I actually agree with that, but from a different direction.
My question:
Why should I take feminist critics seriously in the first place? Why should I care? Why should I believe them when they say these tropes are influencing my behavior negatively?
Gaming doesn't need defense when the "offense" is so weak and poorly researched to begin with.
Call me cold if you want, but I'm frankly tired of the empty moral posturing and I'm REALLY fucking tired of the pretense coming from those that preach it.
The most I can do is empathize as such:
"You know, more games with strong female characters would be nice".
Ironically, something I already believed well before gender politics ever became this ubiquitous in gaming.
INH5 said:
I was kind of on Sarkeesian's side at the start, but with each video the representations got more dishonest and the logic got more strained, but no one in the gaming media seemed to notice.
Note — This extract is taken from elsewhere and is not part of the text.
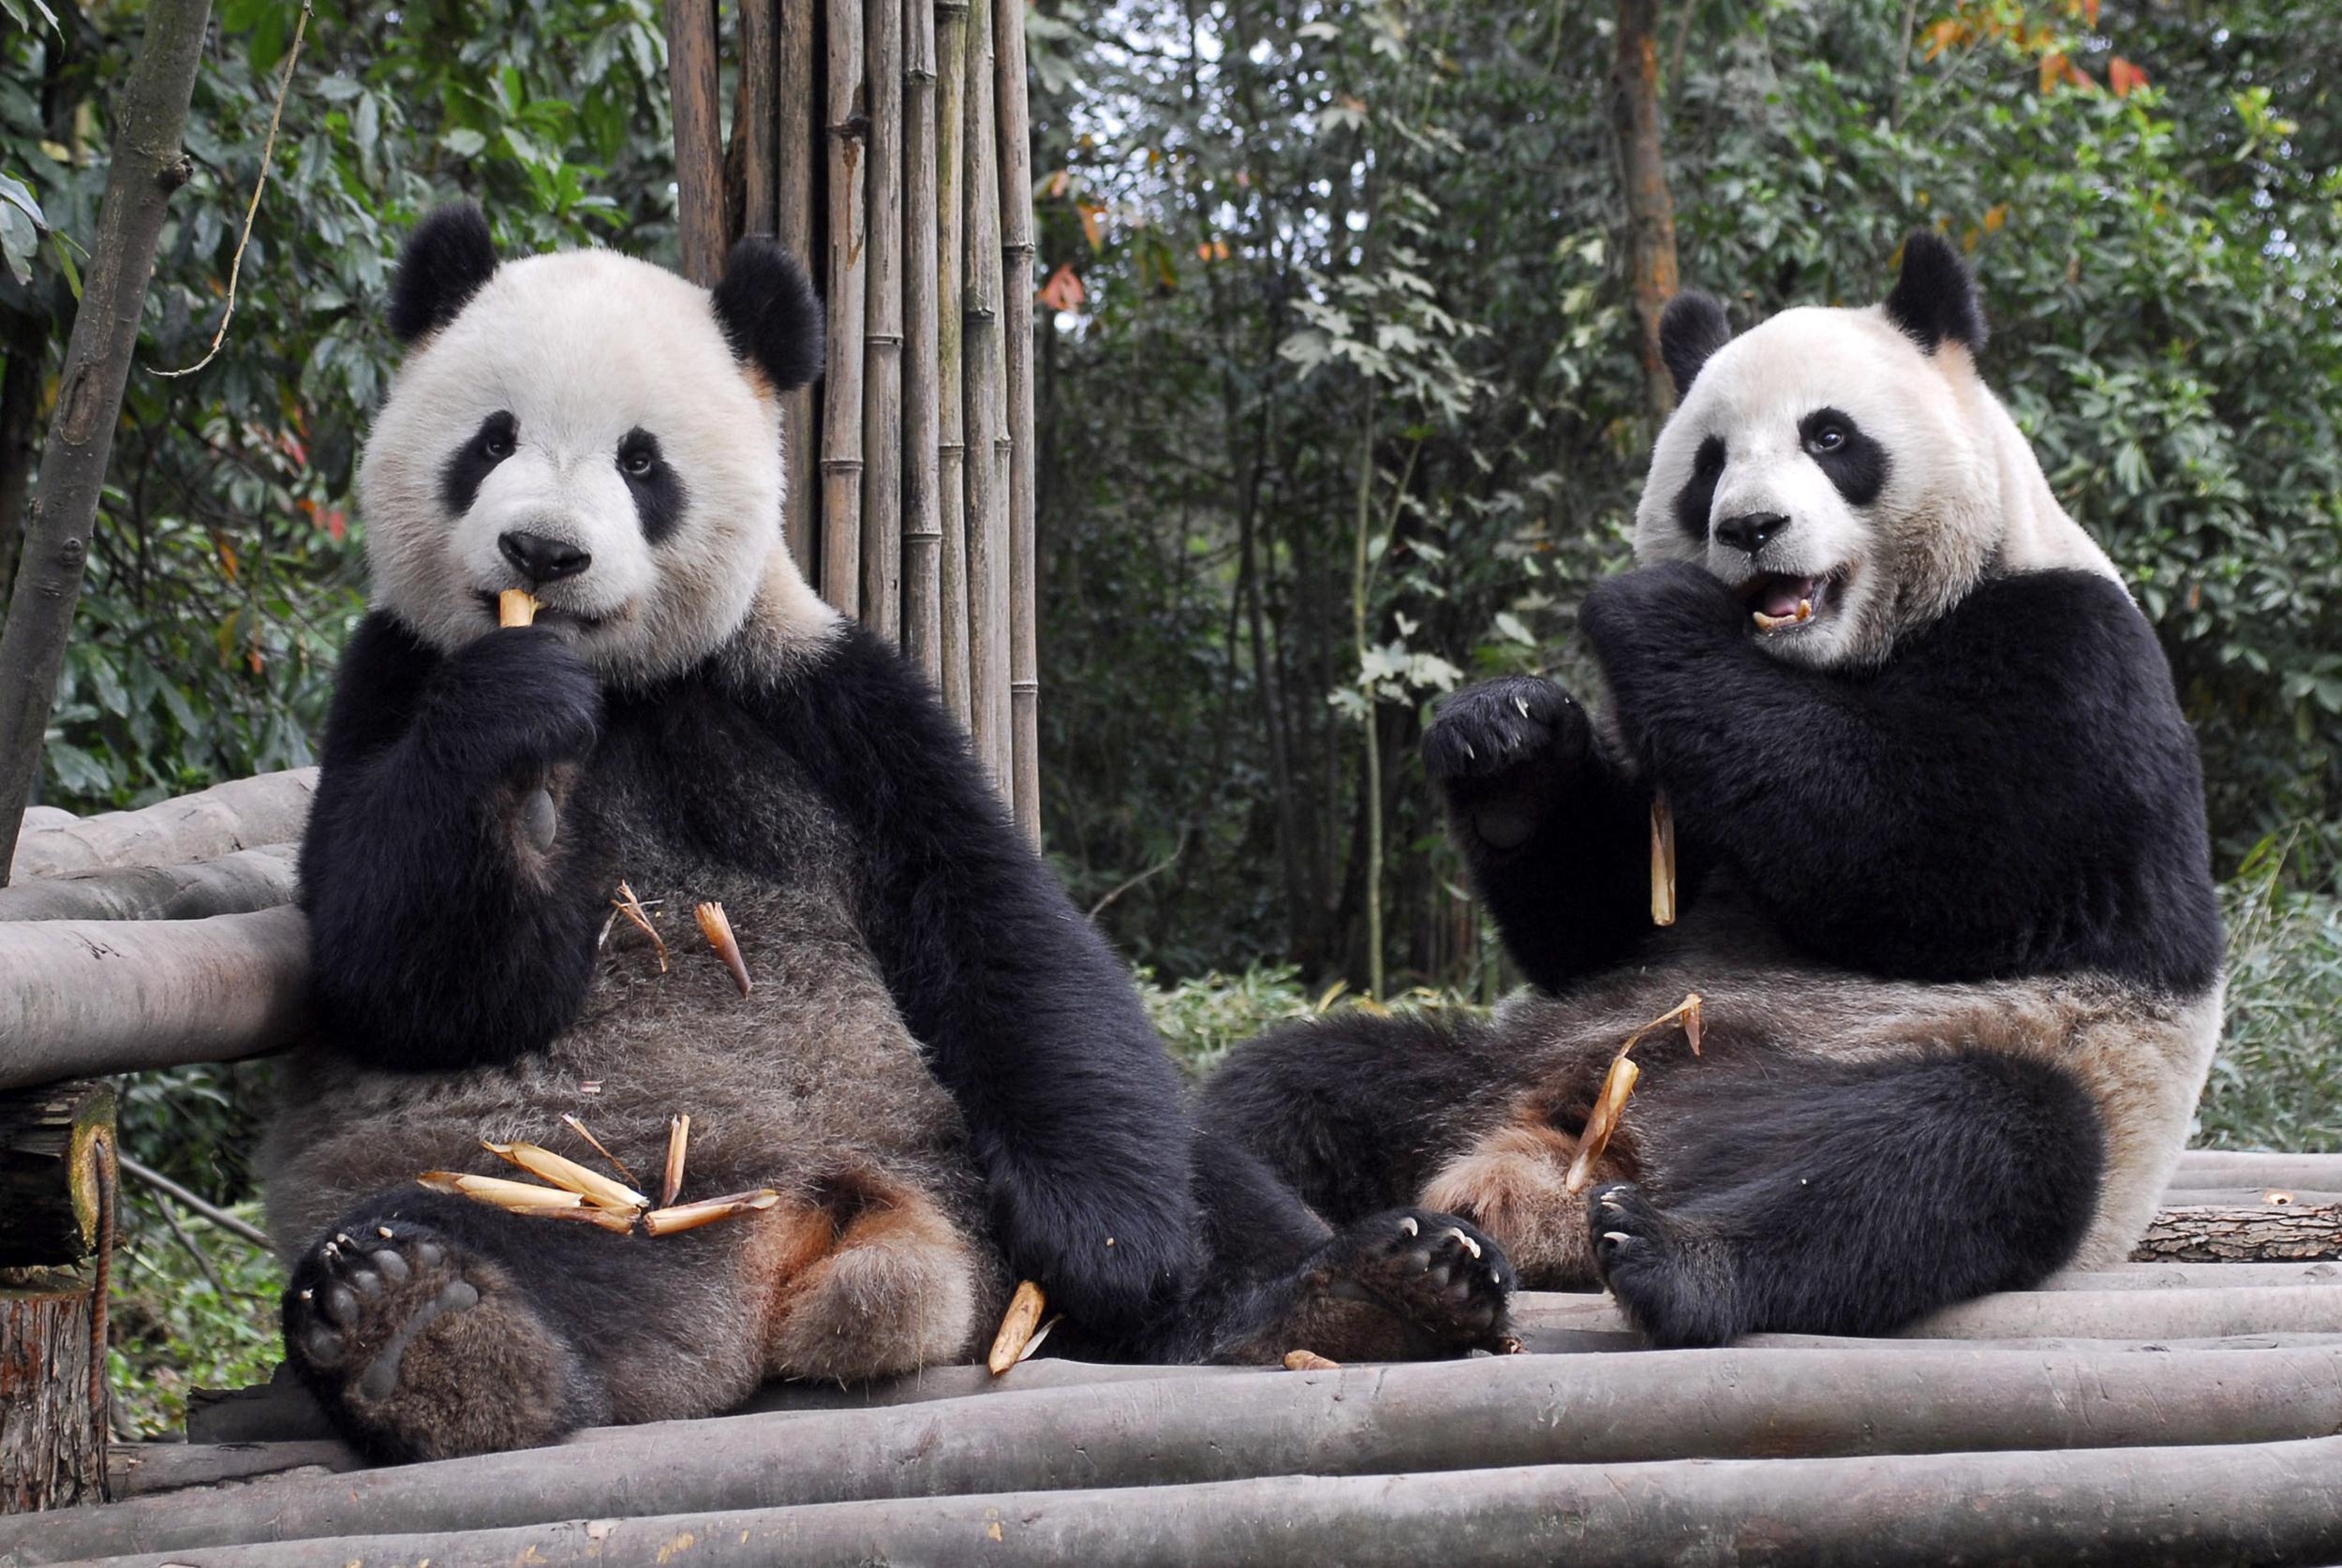 Image: Two giant pandas named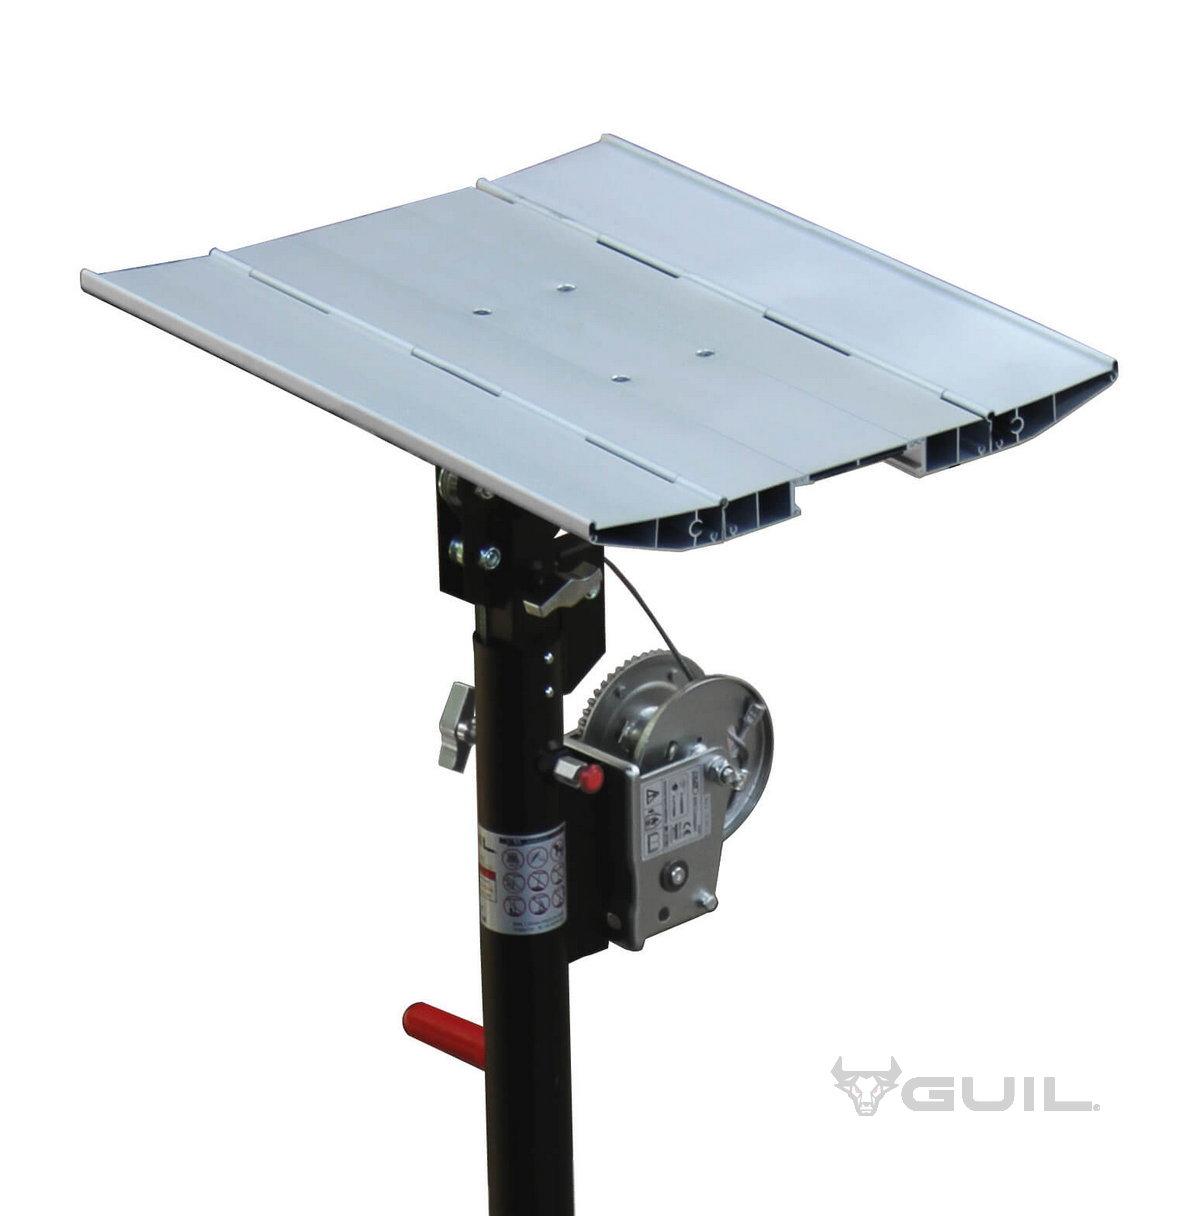 Platform aluminium (450x435) ELC-720,730,750,760 (dutch) (1)

It was always "she's being harassed, so all of her critics must be misogynists"...
That's where I ended up with Sarkeesian. She's a critical darling with most of the popular games journalists because she brings in controversy, and controversy brings in the ad-hits.
I've never once seen a critical piece run on her on this site. In fact, I've seen the complete opposite: tons and TONS of gushing, unilateral support of her work, method and opinions.
(and I don't mean "critical" to be "scathing" or "in stark opposition to", I mean in terms of neutral or authoritative analysis; y'know, real journalism?)